▶ _EXTRACTED INFORMATION_:

···

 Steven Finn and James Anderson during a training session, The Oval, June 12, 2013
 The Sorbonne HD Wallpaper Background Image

···

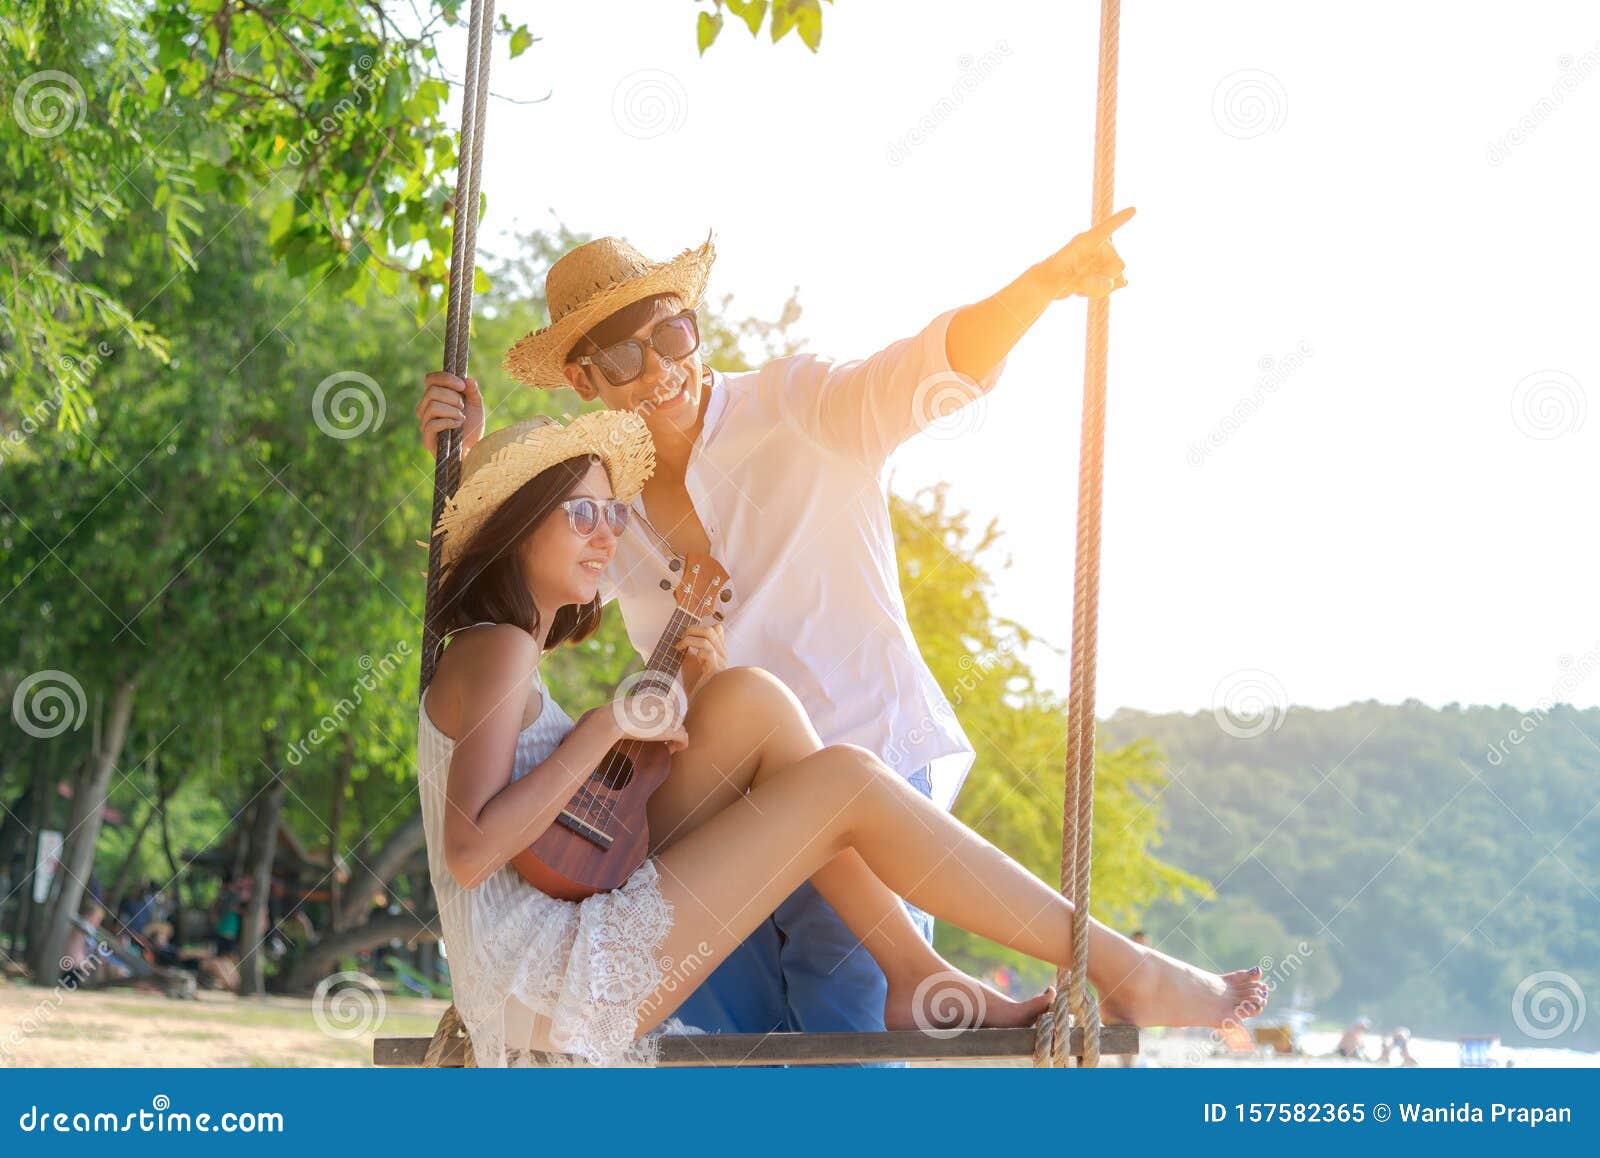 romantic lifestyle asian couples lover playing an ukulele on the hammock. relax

···

▶ _TASK STATEMENT_: With the line holding "Steven Finn and" as the first and the line holding "The Sorbonne HD Wallpaper Background Image" as the last, please transcribe exactly the lines of the material above in that range and nothing else.

▶ _TASK RESPONSE_:
 Steven Finn and James Anderson during a training session, The Oval, June 12, 2013
 The Sorbonne HD Wallpaper Background Image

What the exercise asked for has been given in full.